House Speaker Paul Ryan has gone back to the old Obamacare repeal well to try to cobble together a short-term spending bill that would keep government open past Friday. Because that's the surest way to mollify the nihilists and get them on board, which is what he needs to do because he can't rely on help from Democrats in doing this unless they also come up with a solution on immigration and the Dream Act.
The short-term spending bill includes a two-year delay of a handful of Obamacare provisions: the medical device tax, another delay of the so-called Cadillac tax on high-cost health insurance plans and on Obamacare's health insurance tax. It also includes a six-year funding for the Children's Health Insurance Program, a hostage-trade they hope will entice Democrats to support, pitting the Dreamer kids against the CHIP kids. That's all to put Democrats on the spot, but the problem is as always House Republicans.
Tuesday night was a bit of a roller coaster for House GOP leaders. A closed-door conference meeting where they presented their short-term funding bill—funds the government until February 16, delays three unpopular taxes from the Affordable Care Act, extends the Children's Health Insurance Program for six years—to plenty of grumbles, but mostly acceptance that it was the only path forward. […]
But then 90 minutes later, the House Freedom Caucus Chairman Mark Meadows emerged from their own closed door meeting to announce the votes weren't there for the leadership's proposal —and the conservative caucus had demands, throwing the entire Republican strategy—House, Senate and White House—into question. […]
The Freedom Caucus is precisely why Senate Democrats were mostly keeping their powder dry on Tuesday regarding a possible shutdown. No sense in taking a hard position when, as one aide put it, "House Republicans have a history of stepping on their own rakes."

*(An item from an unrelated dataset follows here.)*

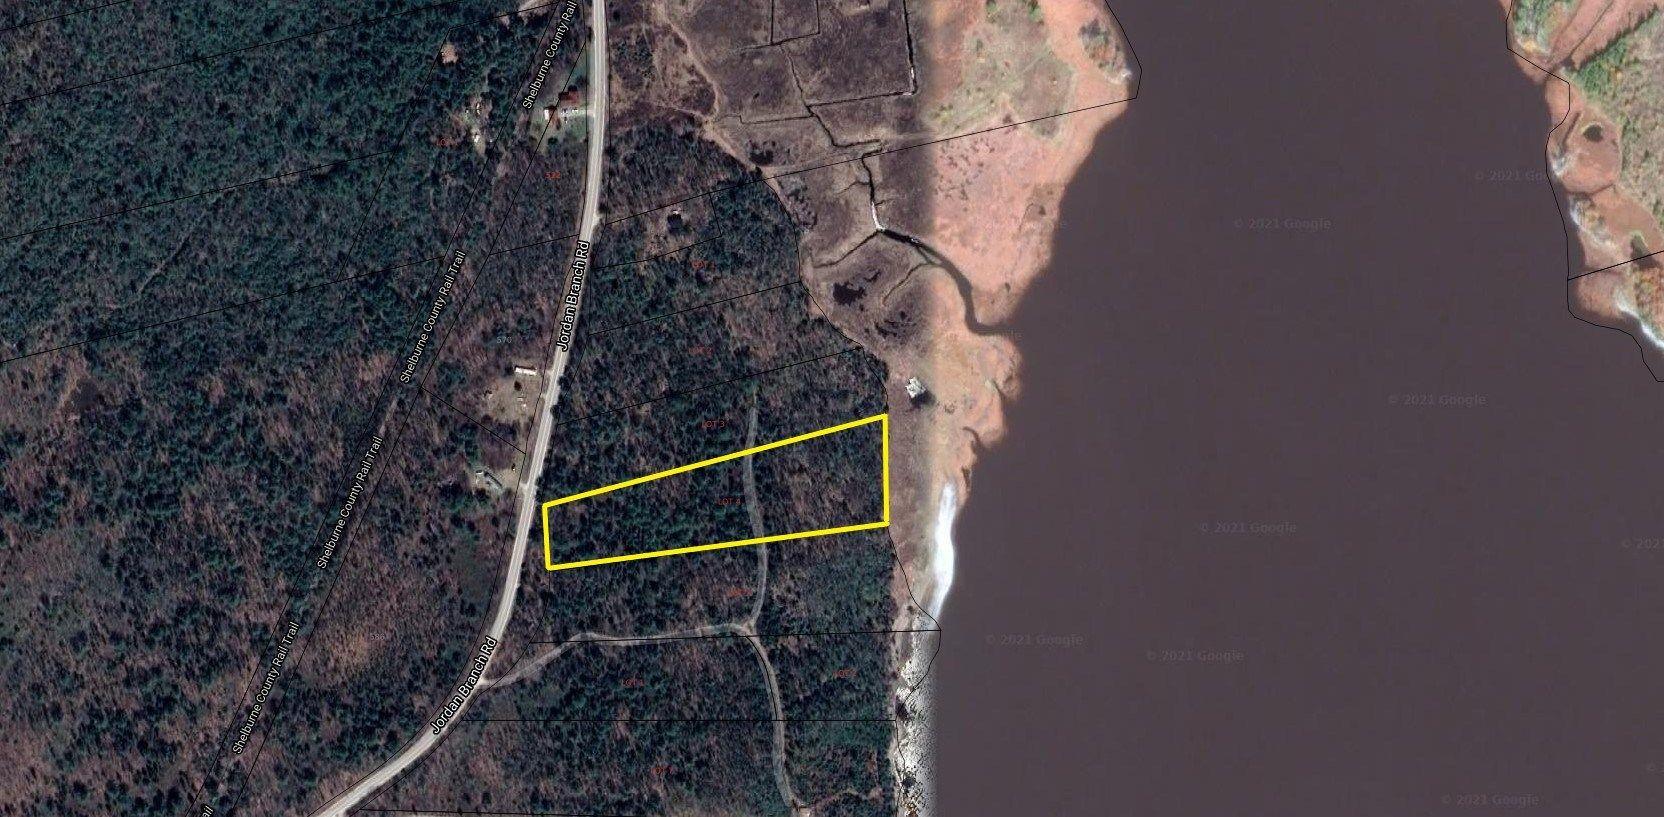 Main Photo: Lot 4 Jordan Branch Road in Jordan Branch: 407-Shelburne County Vacant Land for sale (South Shore)  : MLS®# 202108868

The defense hawks are unhappy with the bill as well, because they’ve been pushing for increased and permanent funding there in this bill. There’s a lot of them, so that’s as much a problem for Ryan as the Freedom Caucus. Meanwhile, the bipartisan "gang of six" working on an immigration deal will release their plan Wednesday, and "are urging Majority Leader Mitch McConnell (R-Ky.) to give them a 'test vote' to show the level of support for the forthcoming legislation." McConnell's second-in-command Sen. John Cornyn (R-TX), who has made it his political goal in life to stop any kind of immigration reform from ever happening, says it "will not get a vote in the House or the Senate because POTUS will not sign it." Chances are very good, if it were actually put up for a vote in both chambers, it would get veto-proof majorities. Cornyn is not going to take that chance.
So, no immigration reform, no Democratic votes. Nothing has changed with the unveiling of Ryan's latest last-ditch plan because nothing has changed under Republican control of everything except that now there's even more chaos. The chances of a shutdown happening right now are better than 50-50.